The ruins were old, older than any man-made structure like this should exist here. Sam suspected the stones had been brought from the Old Country, carried here with bloodied hands and broken backs before carefully laid down and allowed to take root. In the light of the harvest moon, they stood pale like bones of some great beast; a row of jagged teeth, ready to tear them to pieces.
Ironically, it wasn’t so far from the truth.
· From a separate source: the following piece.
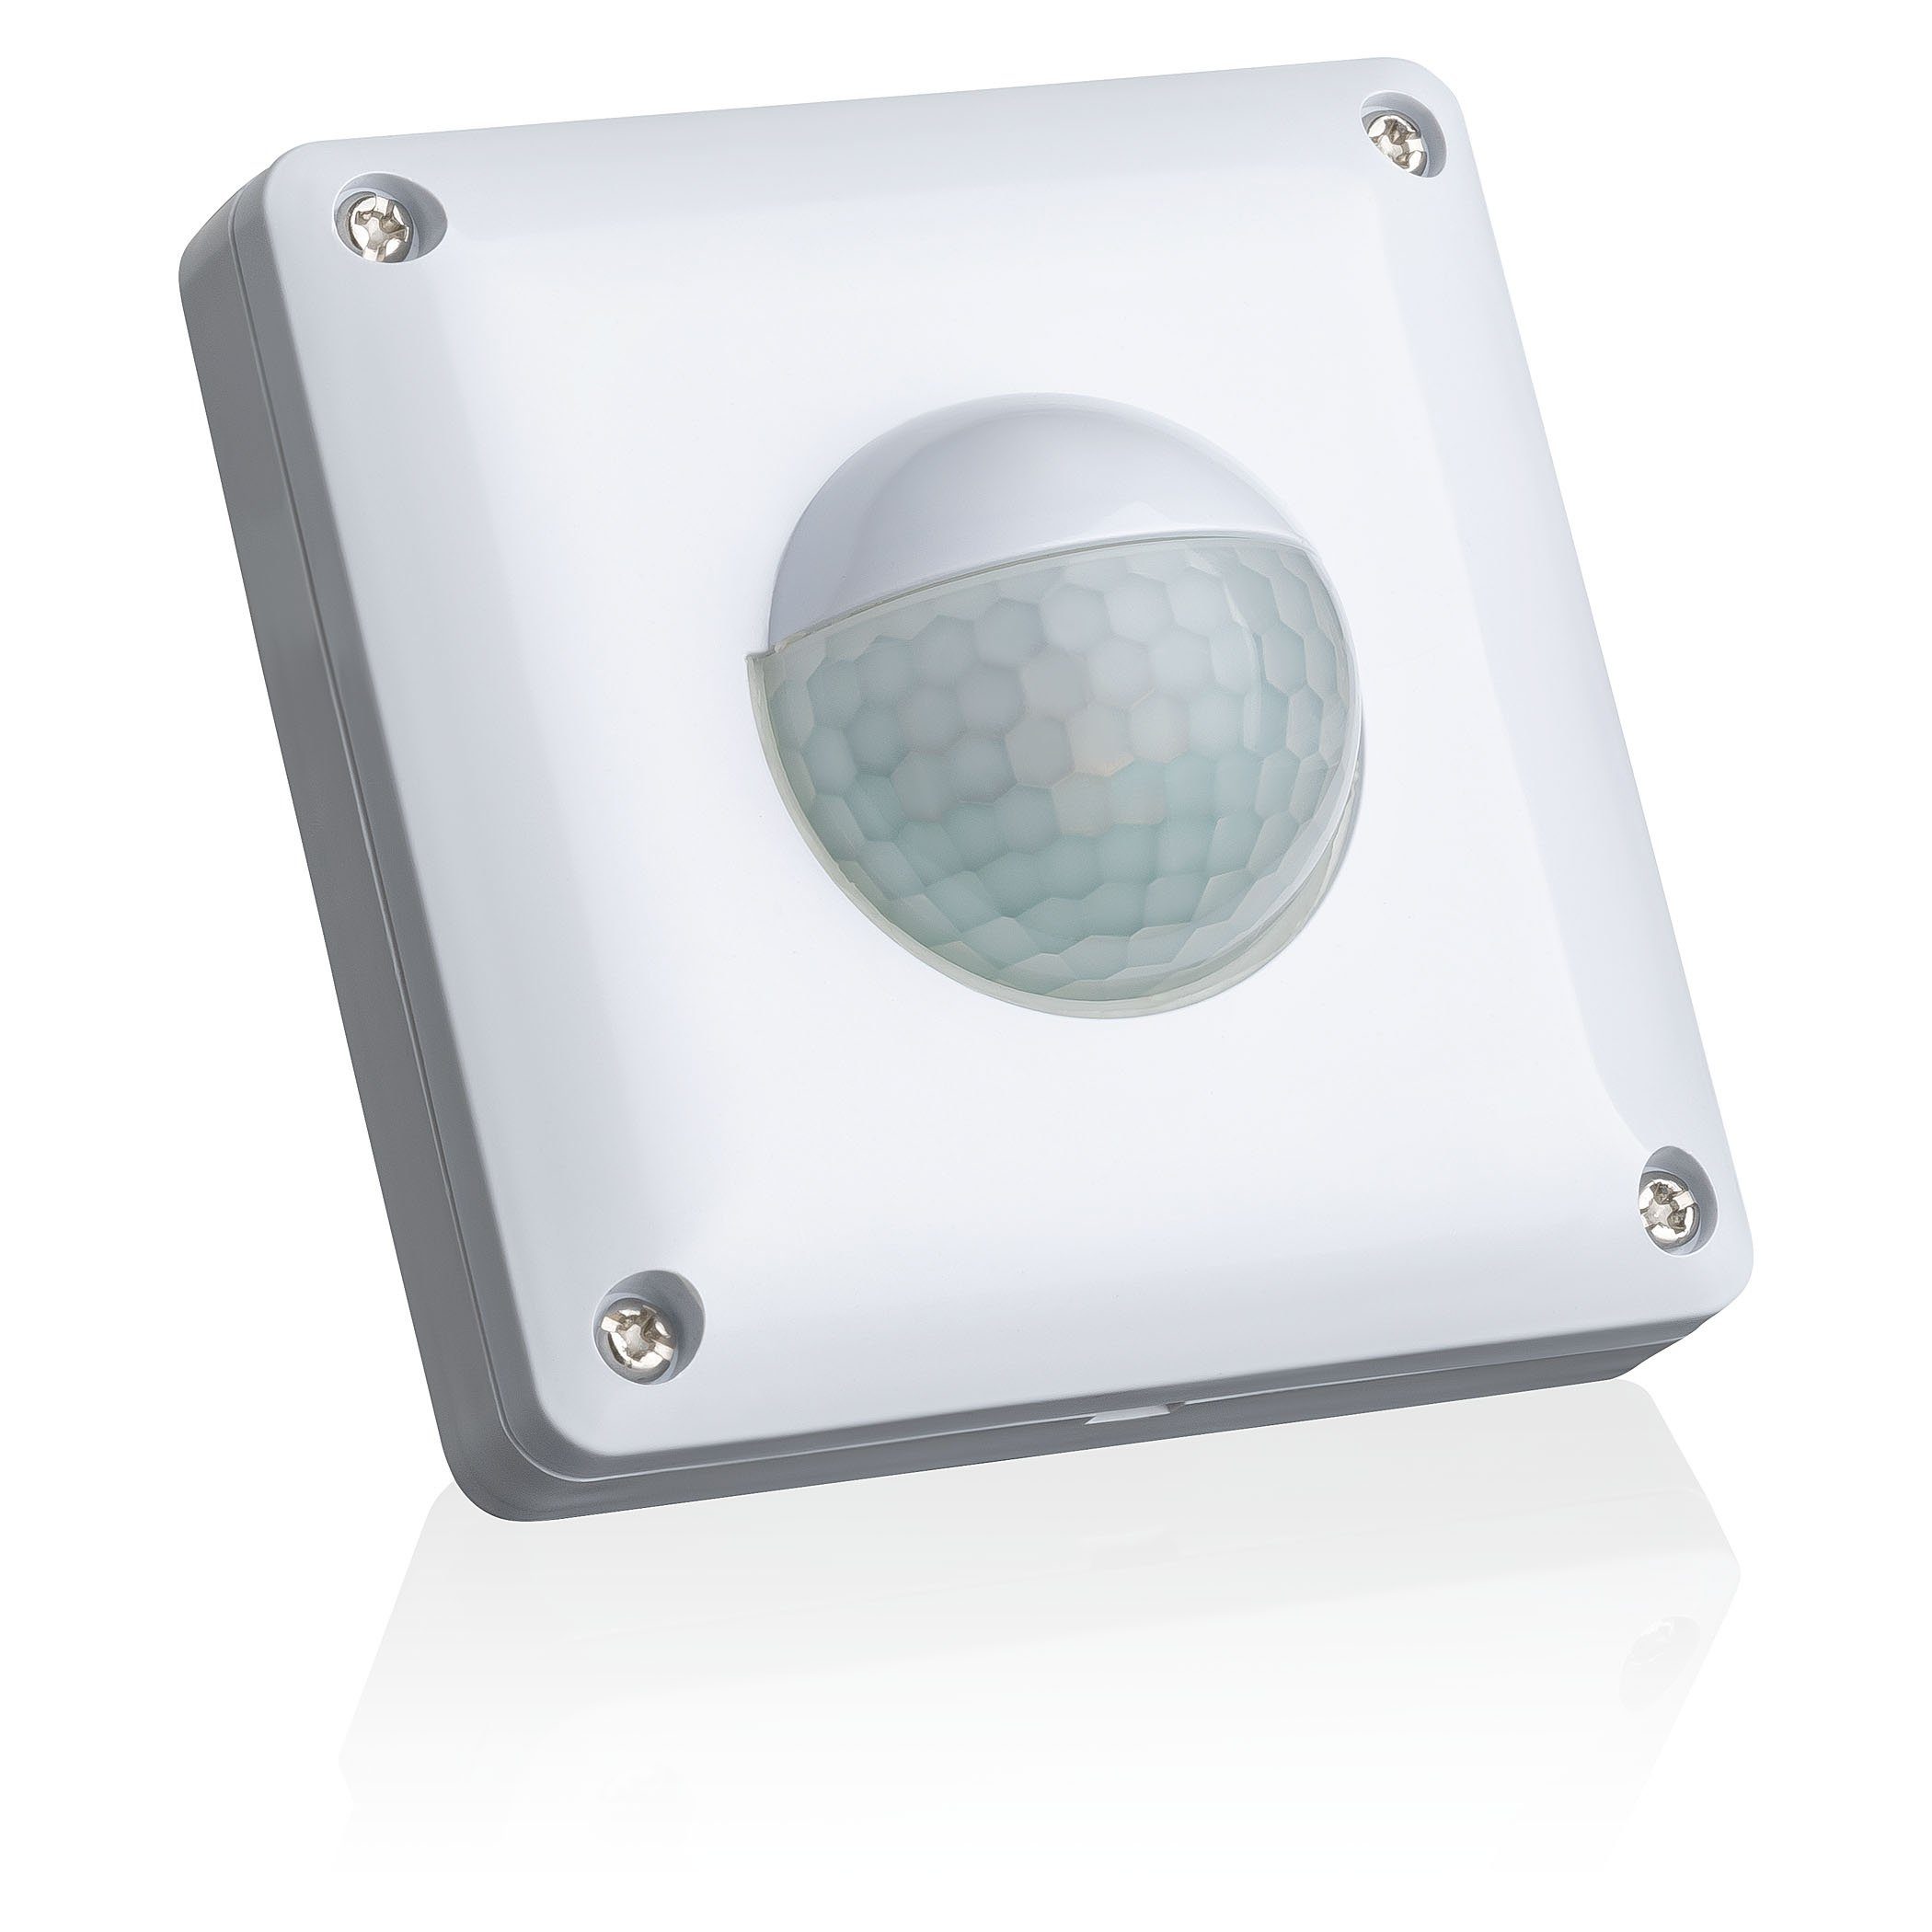 SEBSON Bewegungsmelder Bewegungsmelder Außen IP65 Unterputz LED geeignet programmierbar

“Here?” Dean asked, gesturing at the circle of smaller stones at the centre. It could have been remains of a well, or a fire pit, but of course it wasn’t anything of the sort. The hunger it quenched was for nothing so innocent as water or food.
“Yeah,” Sam answered. His voice sounded strange to his own ears, thin and tense, like wire about to snap. “There’s…” He glanced at the moon. It stared back, heavy and swollen. “I’m sorry.” It was almost funny how inadequate that phrase was. Sam swallowed. “There’s not much time,” he finished, turning to look at his brother again.
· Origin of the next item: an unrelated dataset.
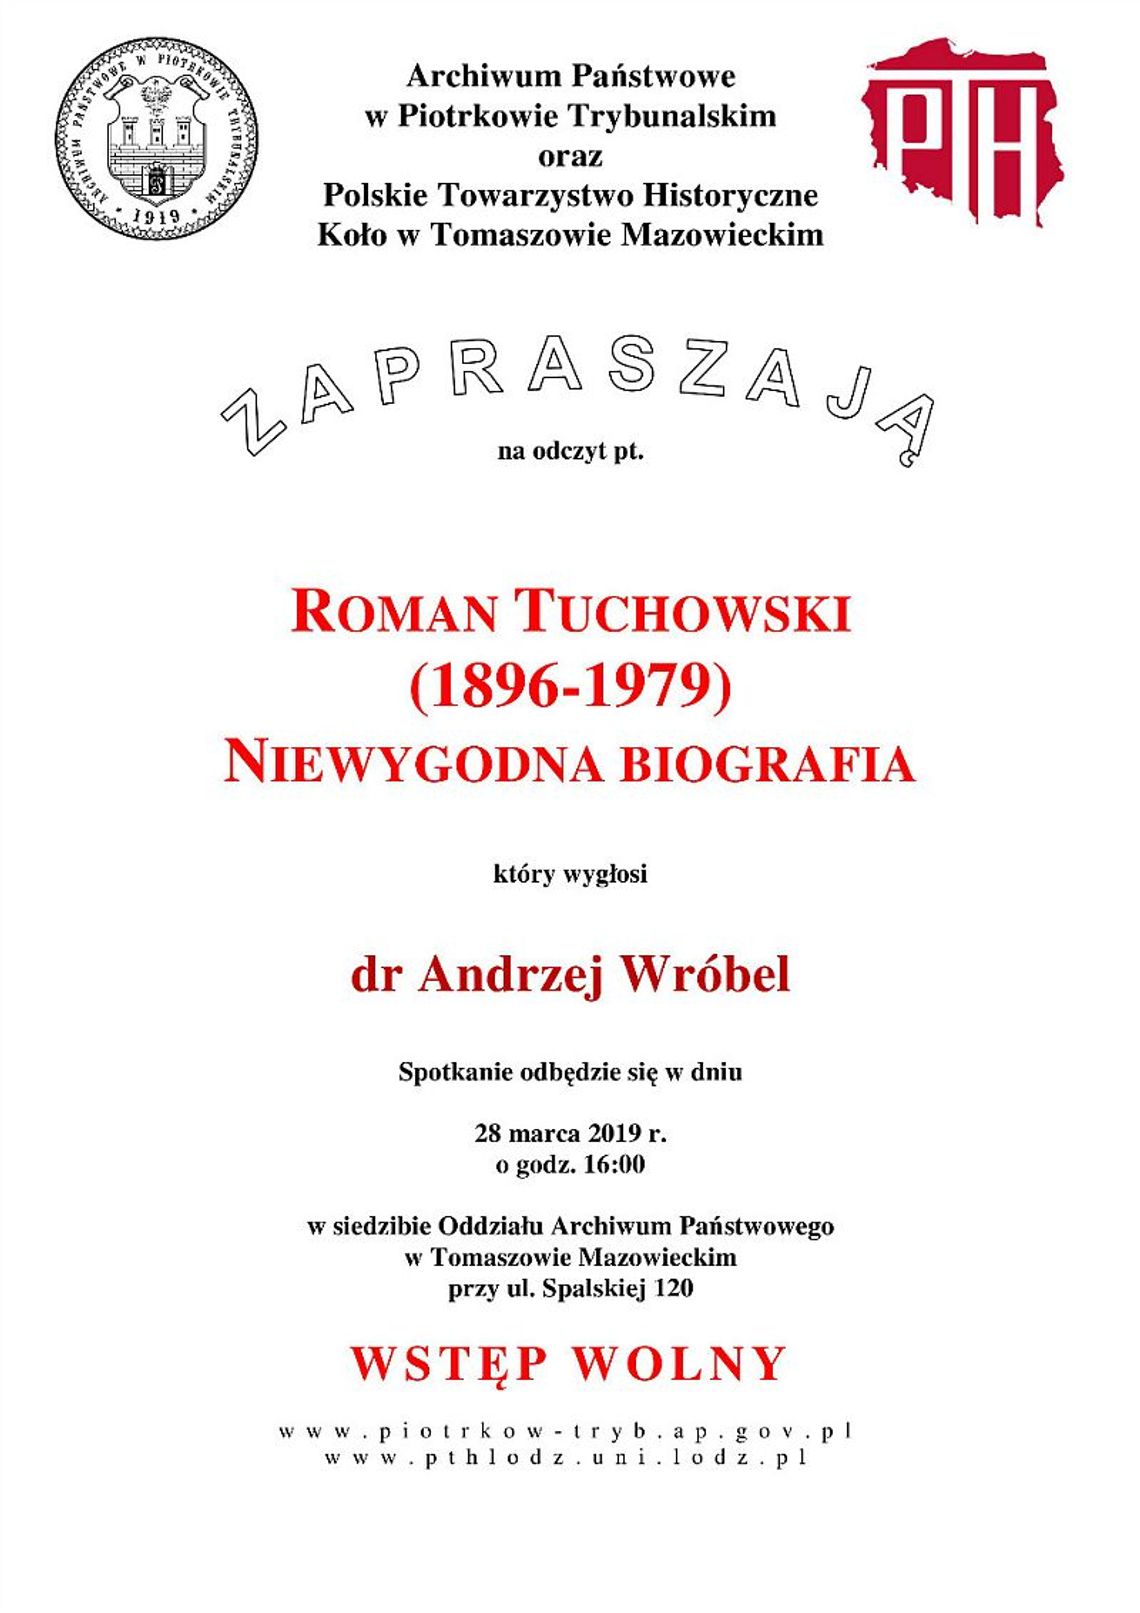 Niewygodna biografia Tuchowskiego - odczyt w Archiwum Panstwowym

“Okay. That’s… Okay.” Dean nodded to himself, once, twice, his fingers steady as they unbuttoned and tugged at clothing, finally wrapping around the hilt of a knife. “Here,” he said, offering it to Sam the same way he’d always given everything else, including himself: deliberate and unhesitating.
“Take it, Sam,” Dean urged and there was that familiar older brother exasperation, that audible eye-roll of fondness, the one that said ‘it’s going to be okay’ and ‘trust me’ and ‘I’ve got you’.
Sam’s hand closed over Dean’s, their joined grip on the blade strong and unwavering as they stepped into the circle. Around them, the stones sighed with anticipation, the moonlight spilling over everything like blood from a fresh wound.